For like all of modern economic times, there has been this basic truth. When the economy is doing
well, people, they can feel that. And if the economy is not
doing well, well, they can feel that too. It's not rocket science, but you know,
it's like gravity or whatever. It matters. And we know this because for 80 years now,
we have been measuring consumer sentiment, quantifying people's vibes about the economy. But, and here is that mystery, it appears somehow, right now, we have lost our ability
to feel the economy.
And the economists, they are perplexed.
Yeah, so no, I am scratching my head.
Claudia Somm is an economist, used to work at the Federal Reserve, was one of the advisors
for pandemic emergency programs like stimulus checks.
And for the last few years, Claudia has been carefully watching consumer sentiment.
Sentiment plummeted when the pandemic began.
Reasonable.
No surprise, right? Worst recession since the Great Depression.
Yeah.
But then, you know, some of these pandemic-era economic programs start to roll out.
Yeah, you got student loan pause.
You've got the PPP loans for businesses.
You've got the stimulus checks, the stimulus checks.
About a year after the pandemic started, we're actually feeling pretty good again.
And then after April 2021, sentiment starts plummeting again.
And that was where we started to see inflation rising.
OK.
Right. So that's a it does, you know, it can make sense.
But this is sort of the last moment that things really make sense.
This is where the plot thickens in our economics mystery.
Right. In the middle of 2021, the job market turns surprisingly good. This is when we saw
all these stories about how people are able to quit jobs and move around
to better jobs because the job market is that good. And then in 2022, inflation peaks. It hits
9.1 percent, like definitely not good, but it starts going down and down and down. And it seems
pretty clear that we are not headed for the super bad, like double digit inflation numbers that we
saw in the late 70s and early 80s, for example.
And yet, as the economic news got better and better in 2021 and 2022,
consumer sentiment just kind of stays in the pits.
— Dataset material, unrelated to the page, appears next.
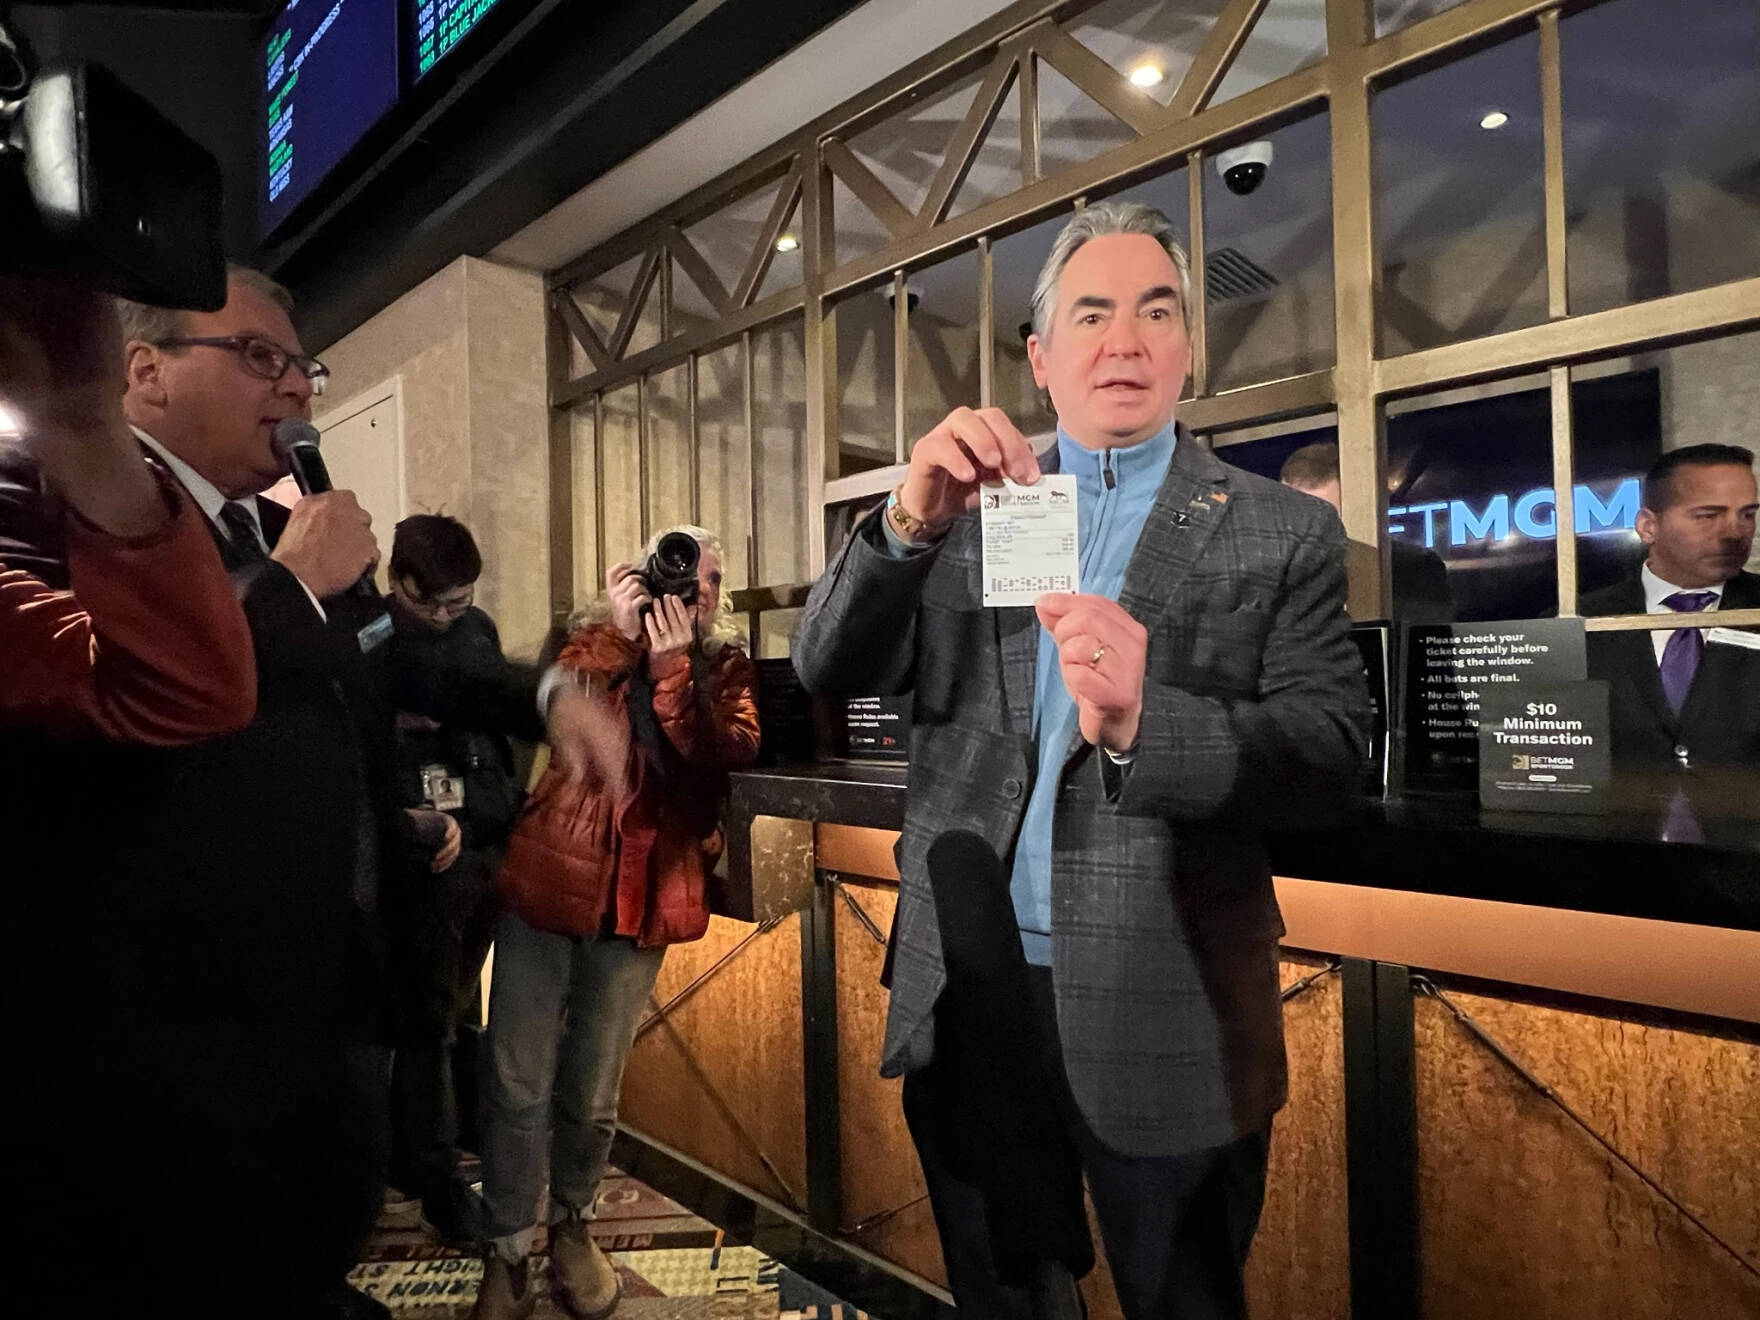 Springfield Mayor Domenic Sarno purchases the first sports betting ticket at MGM Springfield on Tuesday, Jan. 31, 2023. (Adam Frenier/NEPM)

And frankly, I think this year in 2023, the disconnect has become glaring because as
inflation has come down, inflation back down, unemployment still low,
then people are not having any of it.
Not having any of the good news.
I mean, look, is everything perfect?
Absolutely not.
But if you look at graphs of these feelings measures versus more traditional economic
measures, there is now a historic split.
And Claudia, she feels a professional obligation to try and understand why. And so
lately she's been trying just to ask people. Yeah. But I have a very hard time having that
conversation because people rightly so are gloomy. Right. What tends to happen is Claudia goes to
Twitter slash X like, hey, if you look at the numbers, there are some good things going on
with the economy. And I'd really just love to understand what those numbers might be missing and why people are still feeling bad. And then people are like,
shut up, you cold hearted economist. Don't tell us how we should feel.
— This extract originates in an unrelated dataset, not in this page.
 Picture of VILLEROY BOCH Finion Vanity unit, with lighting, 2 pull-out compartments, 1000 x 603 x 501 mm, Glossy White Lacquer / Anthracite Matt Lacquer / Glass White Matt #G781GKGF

Yeah. And if people are really gloomy and angry, going in and tell them to be happy,
it doesn't really surprise me that they're going to get angry at me. I mean, legitimately,
some things are bad. Like I'm not going to try and tell people inflation is a happy thing or that inflation coming down should be them throwing a party.
But clearly there's a disconnect between how people are doing financially and how they assess that.
As an economist, I need to understand what's under the hood.
Right.
And I can't evaluate policy.
I can't give policy advice if I don't understand the economic piece.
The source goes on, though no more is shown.